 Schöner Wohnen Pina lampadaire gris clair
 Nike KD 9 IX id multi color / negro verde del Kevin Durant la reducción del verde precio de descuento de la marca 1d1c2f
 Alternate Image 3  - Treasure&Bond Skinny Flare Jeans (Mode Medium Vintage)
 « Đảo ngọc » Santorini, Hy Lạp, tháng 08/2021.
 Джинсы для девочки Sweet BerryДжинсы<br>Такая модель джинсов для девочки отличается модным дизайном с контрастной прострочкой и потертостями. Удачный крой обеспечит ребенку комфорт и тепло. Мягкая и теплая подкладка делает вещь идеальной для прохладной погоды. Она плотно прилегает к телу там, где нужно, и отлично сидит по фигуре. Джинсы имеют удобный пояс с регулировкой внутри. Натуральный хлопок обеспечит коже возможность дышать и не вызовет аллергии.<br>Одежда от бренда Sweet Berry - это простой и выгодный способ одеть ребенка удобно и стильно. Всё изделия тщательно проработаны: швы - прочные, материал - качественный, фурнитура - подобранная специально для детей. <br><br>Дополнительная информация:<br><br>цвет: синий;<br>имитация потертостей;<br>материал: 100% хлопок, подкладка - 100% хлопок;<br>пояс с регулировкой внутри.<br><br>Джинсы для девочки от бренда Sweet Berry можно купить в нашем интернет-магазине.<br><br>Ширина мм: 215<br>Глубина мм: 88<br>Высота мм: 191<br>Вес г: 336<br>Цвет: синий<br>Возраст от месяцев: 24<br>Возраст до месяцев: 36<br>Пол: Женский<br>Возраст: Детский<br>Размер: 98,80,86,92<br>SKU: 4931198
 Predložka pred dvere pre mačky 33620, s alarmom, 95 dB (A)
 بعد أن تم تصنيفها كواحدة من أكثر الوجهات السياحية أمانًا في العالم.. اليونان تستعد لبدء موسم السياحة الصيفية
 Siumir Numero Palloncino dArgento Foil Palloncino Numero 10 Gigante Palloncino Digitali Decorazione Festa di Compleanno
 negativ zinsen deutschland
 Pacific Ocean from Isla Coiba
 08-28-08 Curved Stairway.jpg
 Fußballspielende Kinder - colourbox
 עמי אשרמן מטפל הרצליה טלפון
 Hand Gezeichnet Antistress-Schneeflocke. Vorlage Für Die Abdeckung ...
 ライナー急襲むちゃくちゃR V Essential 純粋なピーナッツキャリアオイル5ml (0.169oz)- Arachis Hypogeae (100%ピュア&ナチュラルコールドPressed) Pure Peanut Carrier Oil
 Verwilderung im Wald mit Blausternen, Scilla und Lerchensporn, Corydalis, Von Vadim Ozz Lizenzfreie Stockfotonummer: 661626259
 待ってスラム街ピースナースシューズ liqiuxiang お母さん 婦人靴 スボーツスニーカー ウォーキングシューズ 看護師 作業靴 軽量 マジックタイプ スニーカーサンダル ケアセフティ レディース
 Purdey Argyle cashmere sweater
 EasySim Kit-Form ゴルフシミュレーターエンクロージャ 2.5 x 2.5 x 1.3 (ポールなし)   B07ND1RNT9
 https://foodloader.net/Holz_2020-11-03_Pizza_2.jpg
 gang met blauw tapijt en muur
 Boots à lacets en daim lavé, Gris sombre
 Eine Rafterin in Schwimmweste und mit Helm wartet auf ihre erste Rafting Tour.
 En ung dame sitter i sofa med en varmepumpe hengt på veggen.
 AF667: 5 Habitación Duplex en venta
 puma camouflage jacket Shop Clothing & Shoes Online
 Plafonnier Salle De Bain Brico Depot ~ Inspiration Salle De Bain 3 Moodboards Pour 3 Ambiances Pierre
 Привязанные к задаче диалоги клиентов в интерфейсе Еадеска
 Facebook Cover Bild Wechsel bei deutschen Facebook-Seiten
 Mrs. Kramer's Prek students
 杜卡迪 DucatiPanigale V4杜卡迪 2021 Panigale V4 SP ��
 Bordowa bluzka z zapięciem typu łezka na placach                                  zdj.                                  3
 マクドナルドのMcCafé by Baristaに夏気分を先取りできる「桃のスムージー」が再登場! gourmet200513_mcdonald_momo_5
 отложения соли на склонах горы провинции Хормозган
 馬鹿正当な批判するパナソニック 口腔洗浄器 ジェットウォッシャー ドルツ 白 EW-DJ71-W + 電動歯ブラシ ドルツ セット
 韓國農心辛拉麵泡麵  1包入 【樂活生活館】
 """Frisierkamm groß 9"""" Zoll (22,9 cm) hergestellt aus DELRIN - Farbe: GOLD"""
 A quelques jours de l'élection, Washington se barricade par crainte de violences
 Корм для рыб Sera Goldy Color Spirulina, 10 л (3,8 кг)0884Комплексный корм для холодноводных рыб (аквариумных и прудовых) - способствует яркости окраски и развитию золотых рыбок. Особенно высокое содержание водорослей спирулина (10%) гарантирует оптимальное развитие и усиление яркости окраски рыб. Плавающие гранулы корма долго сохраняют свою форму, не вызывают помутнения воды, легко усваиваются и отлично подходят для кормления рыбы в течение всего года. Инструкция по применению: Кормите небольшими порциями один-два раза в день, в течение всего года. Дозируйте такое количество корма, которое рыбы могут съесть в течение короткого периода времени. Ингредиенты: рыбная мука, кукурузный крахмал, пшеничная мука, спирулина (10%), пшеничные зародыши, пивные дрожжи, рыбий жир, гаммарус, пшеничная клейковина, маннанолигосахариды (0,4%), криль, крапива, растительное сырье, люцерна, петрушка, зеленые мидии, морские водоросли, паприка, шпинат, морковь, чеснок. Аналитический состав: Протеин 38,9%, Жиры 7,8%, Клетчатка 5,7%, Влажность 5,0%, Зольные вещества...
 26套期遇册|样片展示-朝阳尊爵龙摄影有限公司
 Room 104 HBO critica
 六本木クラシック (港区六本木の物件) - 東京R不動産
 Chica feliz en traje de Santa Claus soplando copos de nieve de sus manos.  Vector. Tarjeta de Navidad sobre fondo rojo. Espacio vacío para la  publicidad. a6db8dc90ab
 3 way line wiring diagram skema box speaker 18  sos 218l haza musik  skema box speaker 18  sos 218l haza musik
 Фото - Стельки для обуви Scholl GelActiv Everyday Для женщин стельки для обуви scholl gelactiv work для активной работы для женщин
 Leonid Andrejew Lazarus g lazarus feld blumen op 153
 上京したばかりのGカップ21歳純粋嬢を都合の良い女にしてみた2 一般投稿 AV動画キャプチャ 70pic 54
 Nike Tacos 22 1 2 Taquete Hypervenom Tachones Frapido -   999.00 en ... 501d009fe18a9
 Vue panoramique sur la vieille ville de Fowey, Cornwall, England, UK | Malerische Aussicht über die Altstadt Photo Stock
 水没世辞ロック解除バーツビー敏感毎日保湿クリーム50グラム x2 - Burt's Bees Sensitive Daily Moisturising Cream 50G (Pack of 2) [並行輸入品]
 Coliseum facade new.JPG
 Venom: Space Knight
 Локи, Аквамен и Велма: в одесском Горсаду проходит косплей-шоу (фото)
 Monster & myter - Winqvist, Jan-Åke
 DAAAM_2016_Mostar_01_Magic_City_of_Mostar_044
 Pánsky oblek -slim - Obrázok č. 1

**About this task**
Everything in the data above should be set down again precisely.

**Final answer**
 Schöner Wohnen Pina lampadaire gris clair
 Nike KD 9 IX id multi color / negro verde del Kevin Durant la reducción del verde precio de descuento de la marca 1d1c2f
 Alternate Image 3  - Treasure&Bond Skinny Flare Jeans (Mode Medium Vintage)
 « Đảo ngọc » Santorini, Hy Lạp, tháng 08/2021.
 Джинсы для девочки Sweet BerryДжинсы<br>Такая модель джинсов для девочки отличается модным дизайном с контрастной прострочкой и потертостями. Удачный крой обеспечит ребенку комфорт и тепло. Мягкая и теплая подкладка делает вещь идеальной для прохладной погоды. Она плотно прилегает к телу там, где нужно, и отлично сидит по фигуре. Джинсы имеют удобный пояс с регулировкой внутри. Натуральный хлопок обеспечит коже возможность дышать и не вызовет аллергии.<br>Одежда от бренда Sweet Berry - это простой и выгодный способ одеть ребенка удобно и стильно. Всё изделия тщательно проработаны: швы - прочные, материал - качественный, фурнитура - подобранная специально для детей. <br><br>Дополнительная информация:<br><br>цвет: синий;<br>имитация потертостей;<br>материал: 100% хлопок, подкладка - 100% хлопок;<br>пояс с регулировкой внутри.<br><br>Джинсы для девочки от бренда Sweet Berry можно купить в нашем интернет-магазине.<br><br>Ширина мм: 215<br>Глубина мм: 88<br>Высота мм: 191<br>Вес г: 336<br>Цвет: синий<br>Возраст от месяцев: 24<br>Возраст до месяцев: 36<br>Пол: Женский<br>Возраст: Детский<br>Размер: 98,80,86,92<br>SKU: 4931198
 Predložka pred dvere pre mačky 33620, s alarmom, 95 dB (A)
 بعد أن تم تصنيفها كواحدة من أكثر الوجهات السياحية أمانًا في العالم.. اليونان تستعد لبدء موسم السياحة الصيفية
 Siumir Numero Palloncino dArgento Foil Palloncino Numero 10 Gigante Palloncino Digitali Decorazione Festa di Compleanno
 negativ zinsen deutschland
 Pacific Ocean from Isla Coiba
 08-28-08 Curved Stairway.jpg
 Fußballspielende Kinder - colourbox
 עמי אשרמן מטפל הרצליה טלפון
 Hand Gezeichnet Antistress-Schneeflocke. Vorlage Für Die Abdeckung ...
 ライナー急襲むちゃくちゃR V Essential 純粋なピーナッツキャリアオイル5ml (0.169oz)- Arachis Hypogeae (100%ピュア&ナチュラルコールドPressed) Pure Peanut Carrier Oil
 Verwilderung im Wald mit Blausternen, Scilla und Lerchensporn, Corydalis, Von Vadim Ozz Lizenzfreie Stockfotonummer: 661626259
 待ってスラム街ピースナースシューズ liqiuxiang お母さん 婦人靴 スボーツスニーカー ウォーキングシューズ 看護師 作業靴 軽量 マジックタイプ スニーカーサンダル ケアセフティ レディース
 Purdey Argyle cashmere sweater
 EasySim Kit-Form ゴルフシミュレーターエンクロージャ 2.5 x 2.5 x 1.3 (ポールなし)   B07ND1RNT9
 https://foodloader.net/Holz_2020-11-03_Pizza_2.jpg
 gang met blauw tapijt en muur
 Boots à lacets en daim lavé, Gris sombre
 Eine Rafterin in Schwimmweste und mit Helm wartet auf ihre erste Rafting Tour.
 En ung dame sitter i sofa med en varmepumpe hengt på veggen.
 AF667: 5 Habitación Duplex en venta
 puma camouflage jacket Shop Clothing & Shoes Online
 Plafonnier Salle De Bain Brico Depot ~ Inspiration Salle De Bain 3 Moodboards Pour 3 Ambiances Pierre
 Привязанные к задаче диалоги клиентов в интерфейсе Еадеска
 Facebook Cover Bild Wechsel bei deutschen Facebook-Seiten
 Mrs. Kramer's Prek students
 杜卡迪 DucatiPanigale V4杜卡迪 2021 Panigale V4 SP ��
 Bordowa bluzka z zapięciem typu łezka na placach                                  zdj.                                  3
 マクドナルドのMcCafé by Baristaに夏気分を先取りできる「桃のスムージー」が再登場! gourmet200513_mcdonald_momo_5
 отложения соли на склонах горы провинции Хормозган
 馬鹿正当な批判するパナソニック 口腔洗浄器 ジェットウォッシャー ドルツ 白 EW-DJ71-W + 電動歯ブラシ ドルツ セット
 韓國農心辛拉麵泡麵  1包入 【樂活生活館】
 """Frisierkamm groß 9"""" Zoll (22,9 cm) hergestellt aus DELRIN - Farbe: GOLD"""
 A quelques jours de l'élection, Washington se barricade par crainte de violences
 Корм для рыб Sera Goldy Color Spirulina, 10 л (3,8 кг)0884Комплексный корм для холодноводных рыб (аквариумных и прудовых) - способствует яркости окраски и развитию золотых рыбок. Особенно высокое содержание водорослей спирулина (10%) гарантирует оптимальное развитие и усиление яркости окраски рыб. Плавающие гранулы корма долго сохраняют свою форму, не вызывают помутнения воды, легко усваиваются и отлично подходят для кормления рыбы в течение всего года. Инструкция по применению: Кормите небольшими порциями один-два раза в день, в течение всего года. Дозируйте такое количество корма, которое рыбы могут съесть в течение короткого периода времени. Ингредиенты: рыбная мука, кукурузный крахмал, пшеничная мука, спирулина (10%), пшеничные зародыши, пивные дрожжи, рыбий жир, гаммарус, пшеничная клейковина, маннанолигосахариды (0,4%), криль, крапива, растительное сырье, люцерна, петрушка, зеленые мидии, морские водоросли, паприка, шпинат, морковь, чеснок. Аналитический состав: Протеин 38,9%, Жиры 7,8%, Клетчатка 5,7%, Влажность 5,0%, Зольные вещества...
 26套期遇册|样片展示-朝阳尊爵龙摄影有限公司
 Room 104 HBO critica
 六本木クラシック (港区六本木の物件) - 東京R不動産
 Chica feliz en traje de Santa Claus soplando copos de nieve de sus manos.  Vector. Tarjeta de Navidad sobre fondo rojo. Espacio vacío para la  publicidad. a6db8dc90ab
 3 way line wiring diagram skema box speaker 18  sos 218l haza musik  skema box speaker 18  sos 218l haza musik
 Фото - Стельки для обуви Scholl GelActiv Everyday Для женщин стельки для обуви scholl gelactiv work для активной работы для женщин
 Leonid Andrejew Lazarus g lazarus feld blumen op 153
 上京したばかりのGカップ21歳純粋嬢を都合の良い女にしてみた2 一般投稿 AV動画キャプチャ 70pic 54
 Nike Tacos 22 1 2 Taquete Hypervenom Tachones Frapido -   999.00 en ... 501d009fe18a9
 Vue panoramique sur la vieille ville de Fowey, Cornwall, England, UK | Malerische Aussicht über die Altstadt Photo Stock
 水没世辞ロック解除バーツビー敏感毎日保湿クリーム50グラム x2 - Burt's Bees Sensitive Daily Moisturising Cream 50G (Pack of 2) [並行輸入品]
 Coliseum facade new.JPG
 Venom: Space Knight
 Локи, Аквамен и Велма: в одесском Горсаду проходит косплей-шоу (фото)
 Monster & myter - Winqvist, Jan-Åke
 DAAAM_2016_Mostar_01_Magic_City_of_Mostar_044
 Pánsky oblek -slim - Obrázok č. 1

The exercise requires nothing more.